To what extent were the effects of the First World War political rather than economic? [15 marks]
🔒 Model answer plan
See the mark-by-mark plan — for / against / judgement, with marking guidance — in study mode.
🎯 One-glance recall
The six-theme framework P-T-P-E-S-H: Peacemaking, Territorial, Political, Economic, Social, Human cost. Sort effects into these, split short-term vs long-term, show how they link, then judge which mattered most.
WWI's effects (ended 1918) Versailles (1919) blamed Germany via Article 231 + reparations; weak League of Nations (1920). Four empires fell → Poland, Czechoslovakia, Yugoslavia. 1917 Russian Revolutions → first communist state. ~9–10m soldiers dead + 1918–19 flu.
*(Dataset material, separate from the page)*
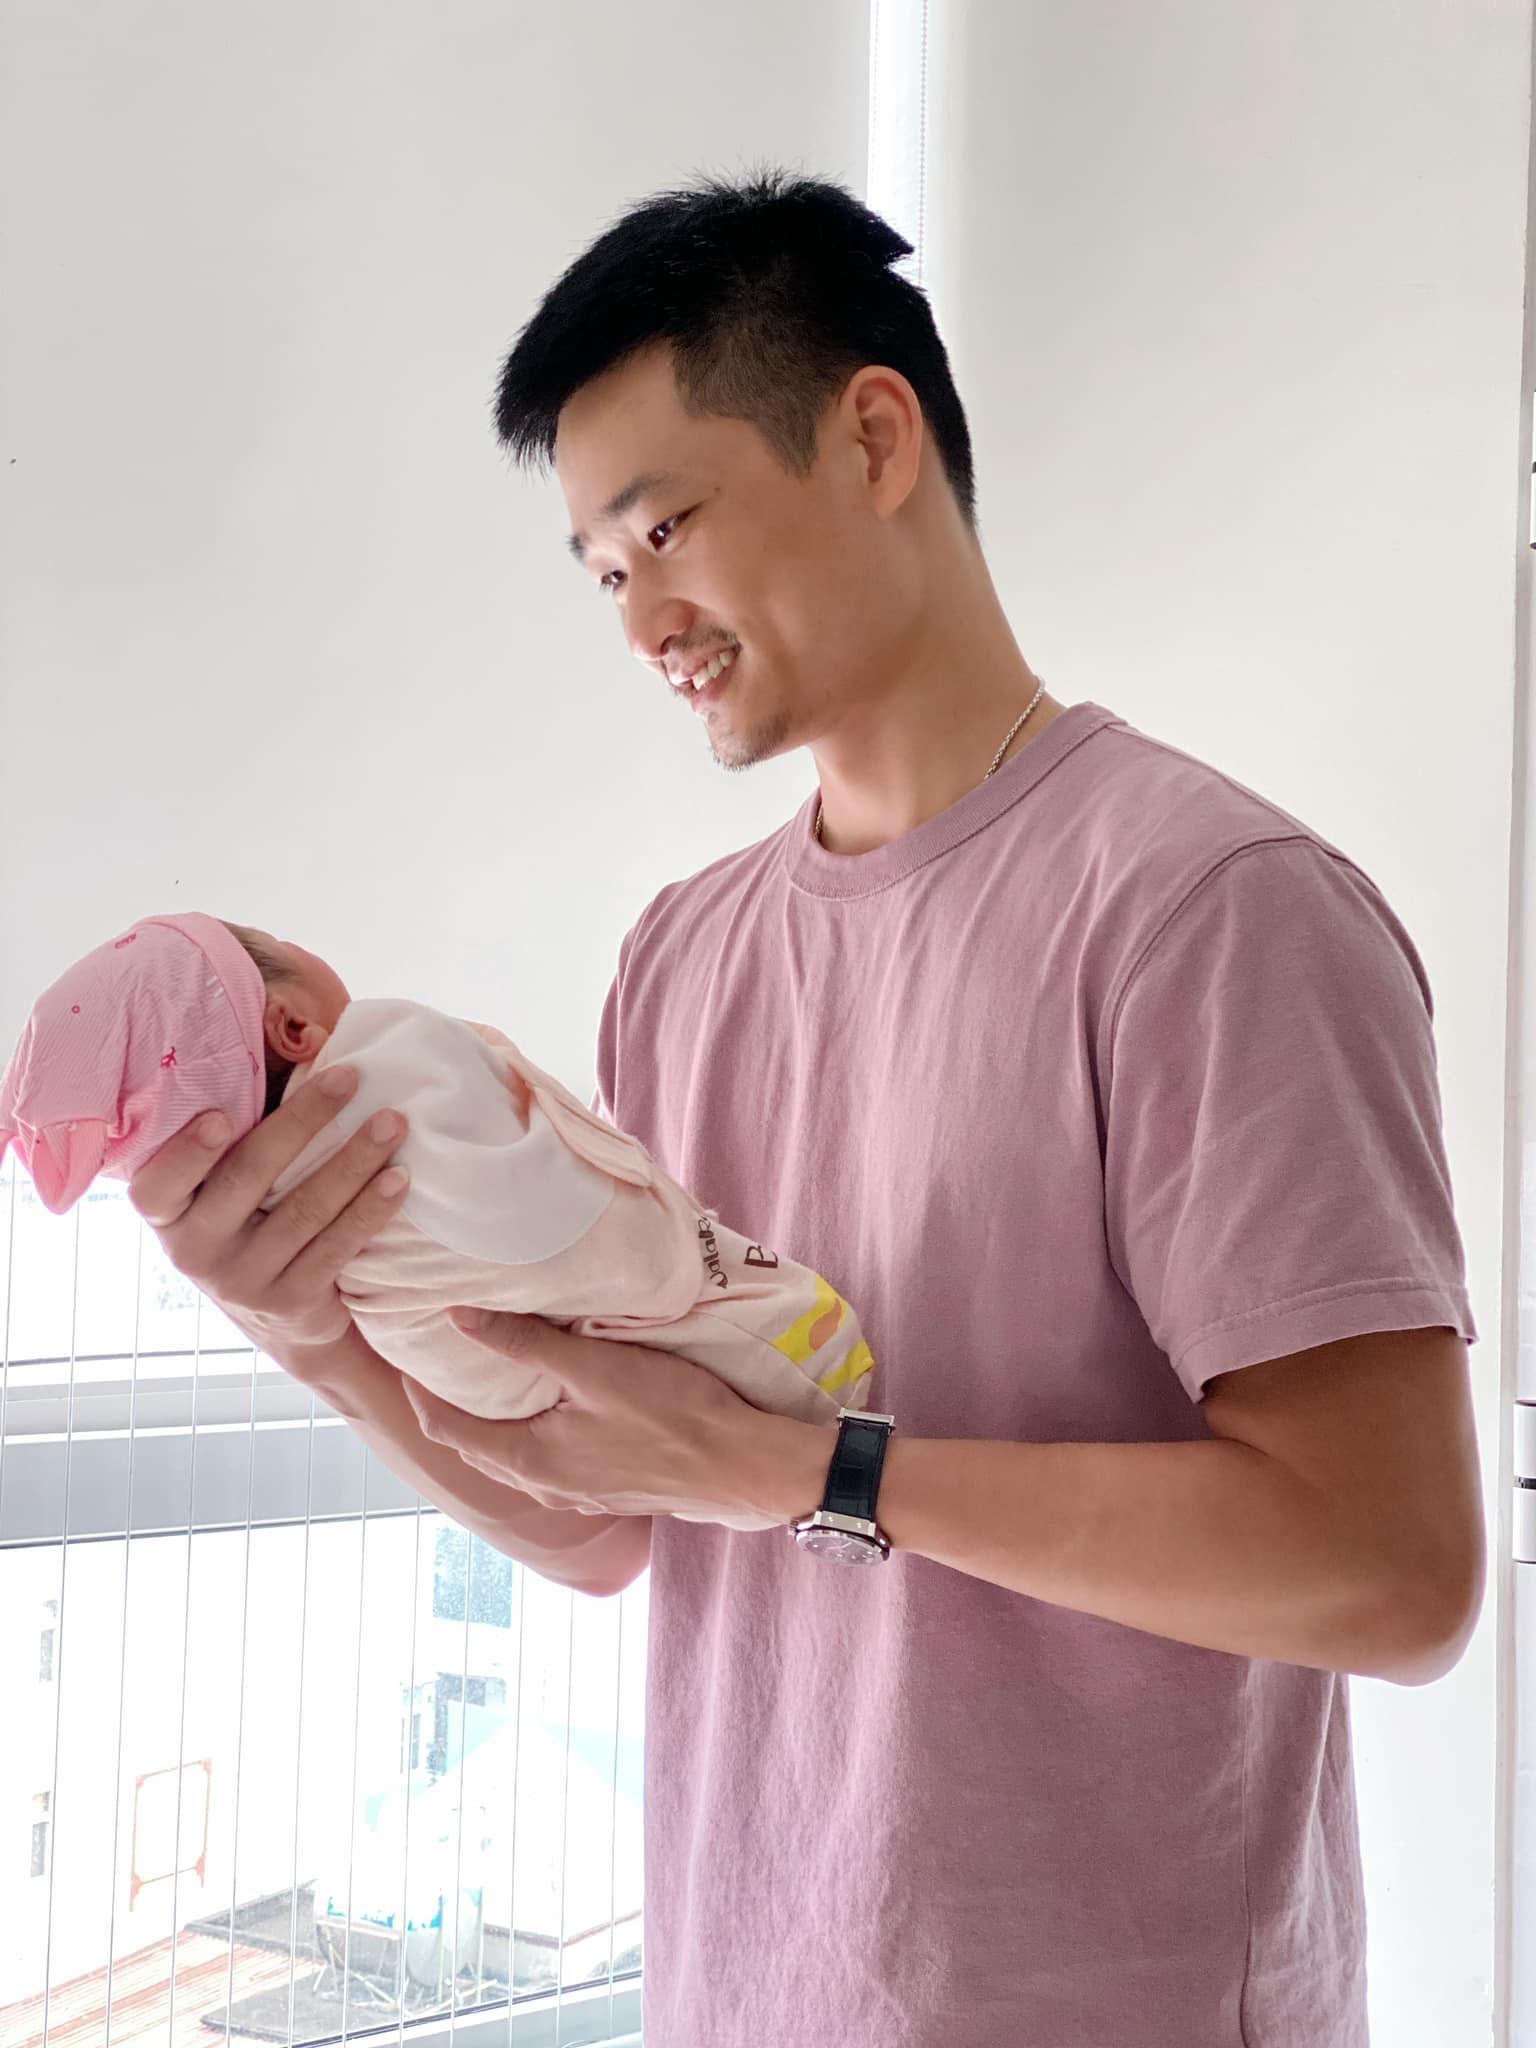 Bảo Thanh lần đầu khoe nhan sắc mẹ bỉm sau 4 ngày sinh nở, hé lộ luôn thông tin đặc biệt của ái nữ Ảnh 4

WWII's effects (ended 1945) Yalta & Potsdam (1945) planned the peace; UN founded 1945. Germany divided; USSR took Eastern Europe (Iron Curtain) → Cold War. USA & USSR = superpowers; decolonisation; China communist 1949. 50–70m+ dead, mostly civilian (Holocaust); Marshall Plan 1948; Nuremberg 1945–46.
How Paper 2 tests this Essay-based, NOT source-based. Command terms (Examine, Evaluate, To what extent, Compare and contrast) need a thesis, themed arguments with dated evidence, and a weighed judgement — never a narrative list. If a question says 'wars', use examples from two different regions.